A second experiment was then performed to determine if the gender differences were reproducible and to determine the effects of infection with H. trogontum in helicobacter-free IL-10/ and wild-type B6 mice. One of 10 B6 mice was not colonized with H. trogontum and thus was not included in the analysis. Four male and five female helicobacter-free B6 mice experimentally colonized with H. trogontum remained clinically normal, with no gross abnormalities noted at necropsy. Histology assessment revealed that H. trogontum caused only mild typhlocolitis in B6 mice by 4 weeks PI, with no development of epithelial hyperplasia or dysplasia (Table 2; Fig. 2D). The body condition of helicobacter-free male and female IL-10/ mice subsequently infected with H. trogontum progressively declined, necessitating euthanasia by 2 to 4 weeks PI. Similar to the first study, H. trogontum-infected IL-10/ mice were clinically dehydrated and had enlarged mesenteric lymph nodes and grossly thickened ceca and colons. Lower bowel contents were fluid and sometimes hemorrhagic. Notably, there were no gender-associated differences in the extent of disease attributable to H. trogontum (P = 0.25), although there was a trend for females to resist clinical effects somewhat longer (3 to 4 weeks PI) than male IL-10/ mice (2 to 3 weeks PI) (Table 2). Histologically, inflammation, edema, epithelial defects, hyperplasia, and dysplasia were moderate to severe in both male and female IL-10/ mice, with similar total lesion indices (P = 0.07).
In a third experiment, 10 male and 10 female IL-10/ mice infected with H. trogontum rapidly developed diarrhea with associated dehydration and weight loss that necessitated euthanasia at 8 days PI. Five uninfected control male and six control female IL-10/ mice remained clinically normal. Within just 8 days, weight loss in H. trogontum-infected mice was severe, with an average loss of 32% in infected females and an average loss of 24% in infected males. Gross findings at necropsy in infected mice were consistent with observations from the first two experiments: dehydration, weight loss, enlarged mesenteric lymph nodes, and thickened cecal-colonic junction and distal colon, often with dark, liquid intestinal contents.
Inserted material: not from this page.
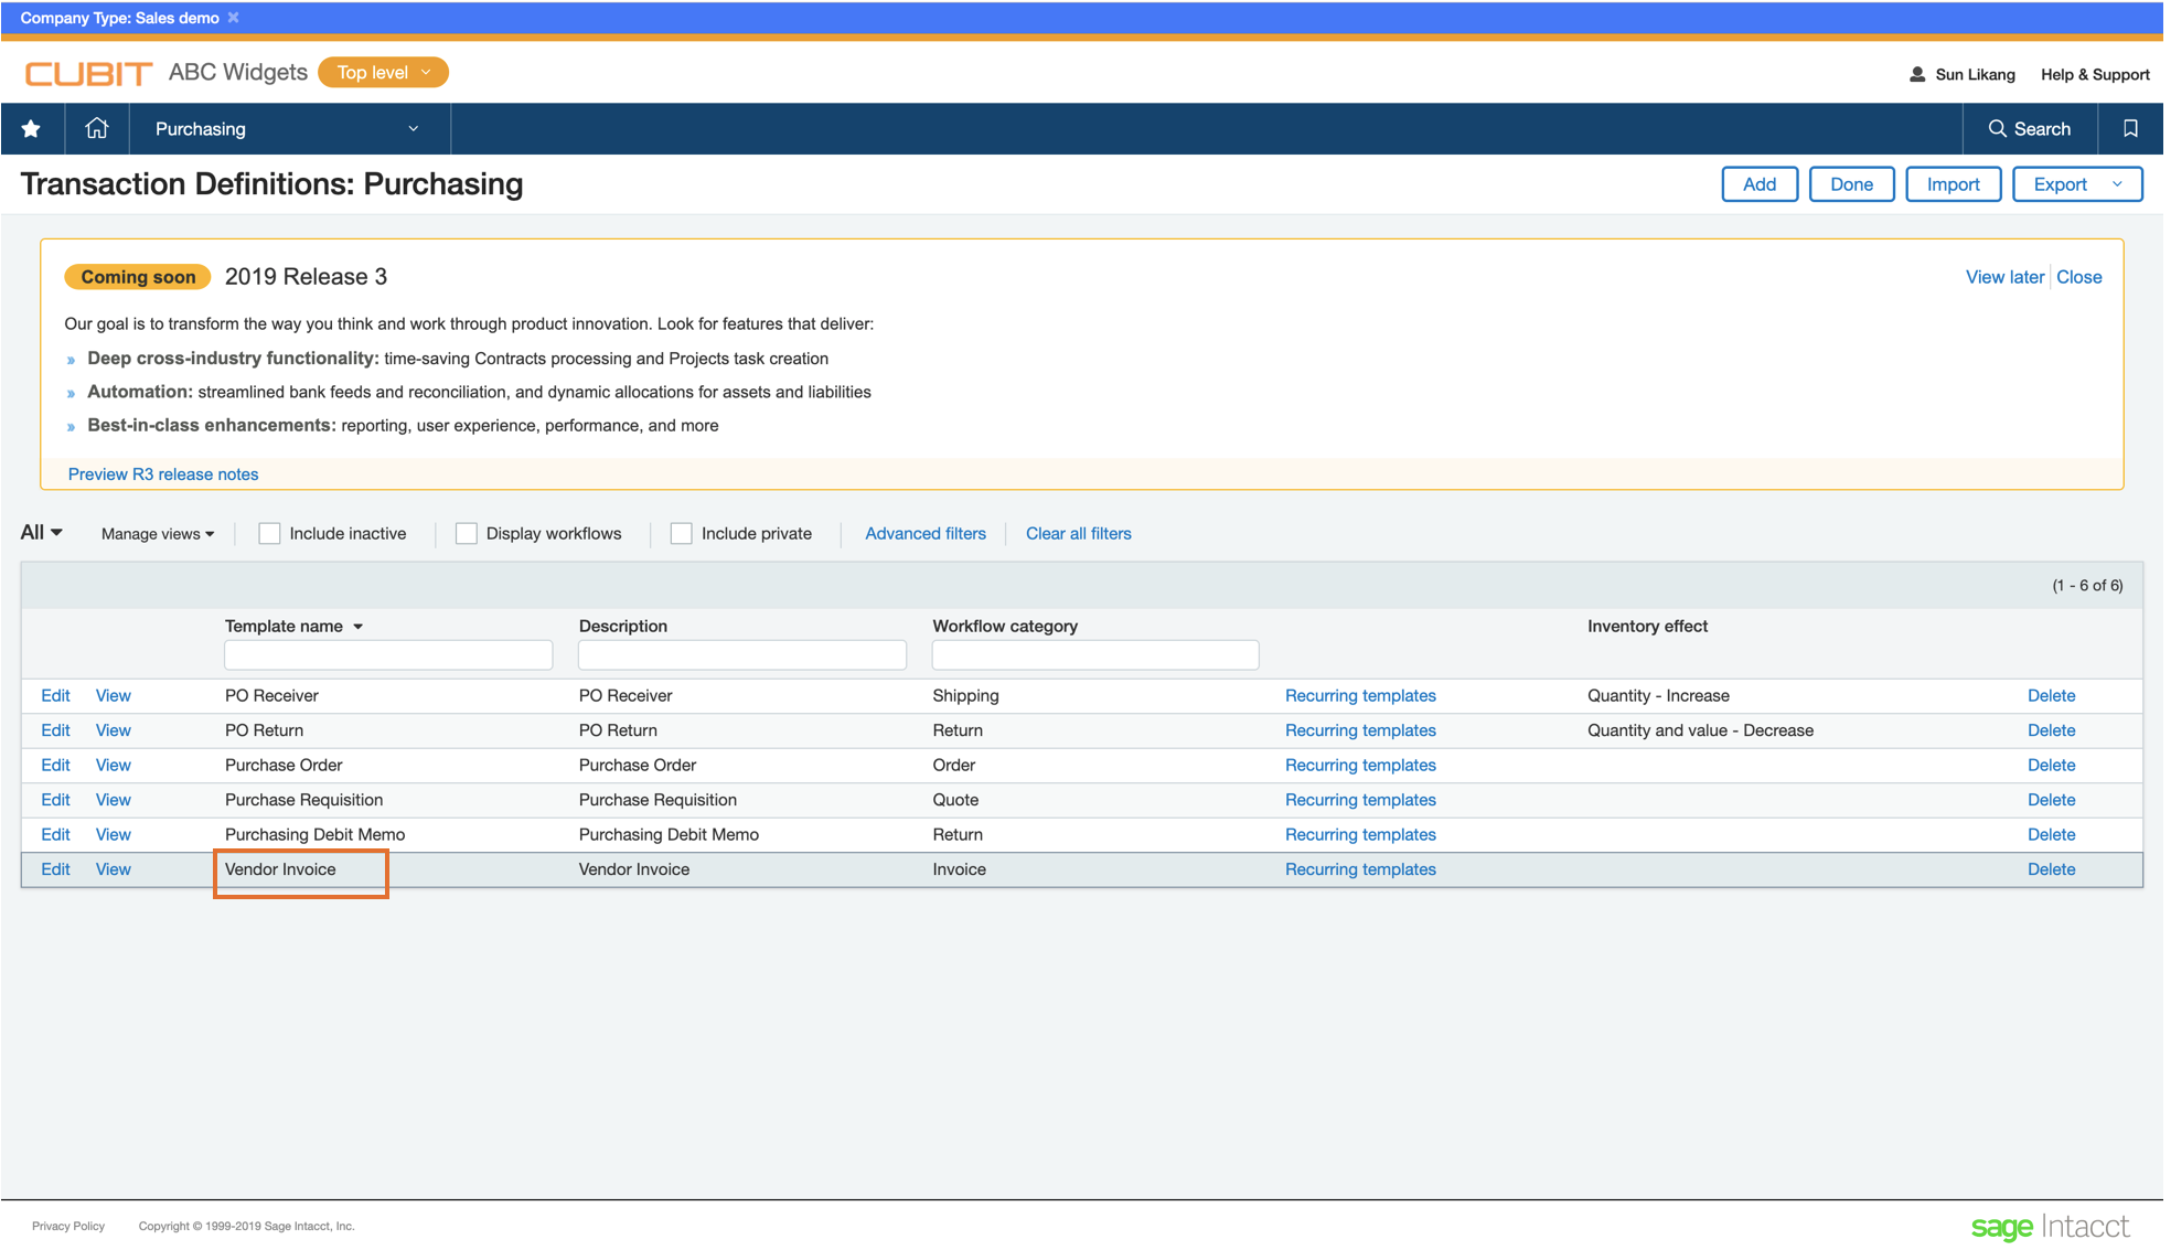 Transaction Definitions page in Intacct - VI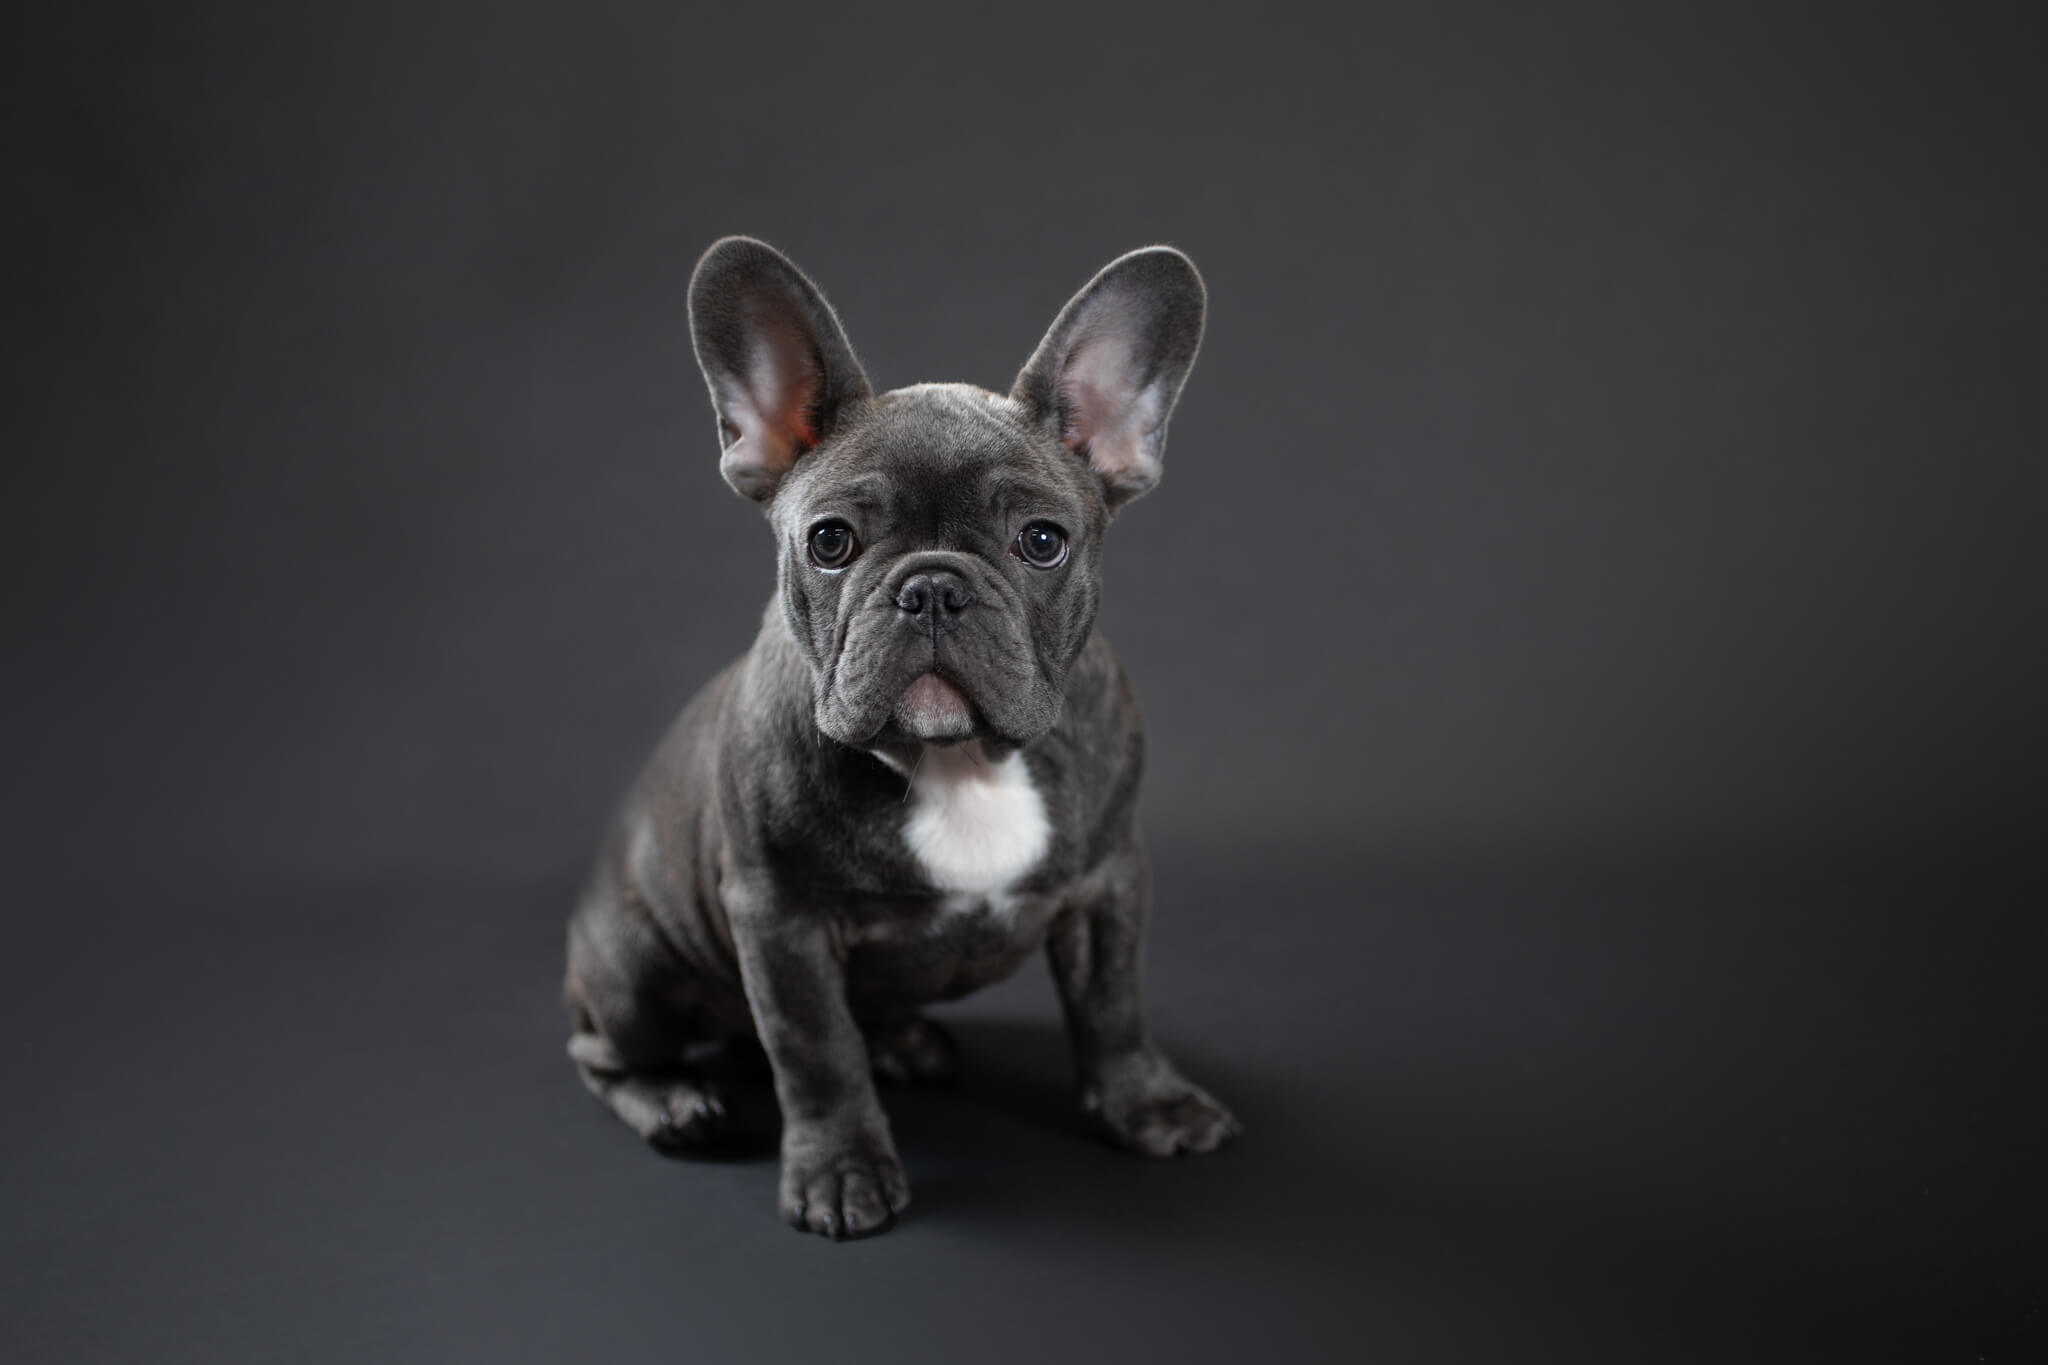 grey french bulldog puppy sits with ears up in a studio adopt a dog Massachusetts

Total lesion indices, incorporating inflammation, edema, epithelial defects, hyperplasia, and dysplasia at the cecal-colonic junction, were similar (P = 0.17) in male and female IL-10/ mice infected with H. trogontum (Table 2; Fig. 1, 2E, and 2F). Coalescing, diffuse inflammation of the mucosa, submucosa, and deeper layers was observed in 9 of 10 female and 7 of 10 male IL-10/ mice infected with H. trogontum and was accompanied by erosive to ulcerative epithelial lesions in seven mice of each gender (Fig. 2E). Crypt necrosis, crypt abscesses, erosion and ulceration of epithelium, submucosal edema, and extension of transmural inflammation progressed to serositis in some mice. Although lesions were most severe at the cecal-colonic junction in the H. trogontum-infected IL-10/ mice, segmental areas of the middle and distal colon were similarly affected with moderate to severe inflammation, submucosal edema, epithelial defects, and mild to moderate hyperplasia and dysplasia of the epithelium (data not shown).
H. trogontum infection caused acute morbidity associated with leukocytosis and translocation of intestinal bacteria to the liver. In the H. trogontum-infected IL-10/ mice that became clinically ill within 8 days, a leukocytosis with a degenerative left shift in the hemogram suggested sepsis (data not shown), supporting the deteriorating clinical status of these mice. A subset of four liver samples from controls and four samples from H. trogontum-infected mice were collected aseptically at necropsy and cultured to determine if necrotic changes in the intestinal epithelia allowed translocation of intestinal bacteria. Although H. trogontum was not recovered by culture of liver samples, Escherichia coli and Proteus spp. were recovered by aerobic culture from the livers of three of the four selected H. trogontum-infected IL-10/ mice, whereas liver samples from four selected control IL-10/ mice were sterile. Mild portal hepatitis (not shown) was observed in the livers from the H. trogontum-infected mice but not in the control, sterile livers.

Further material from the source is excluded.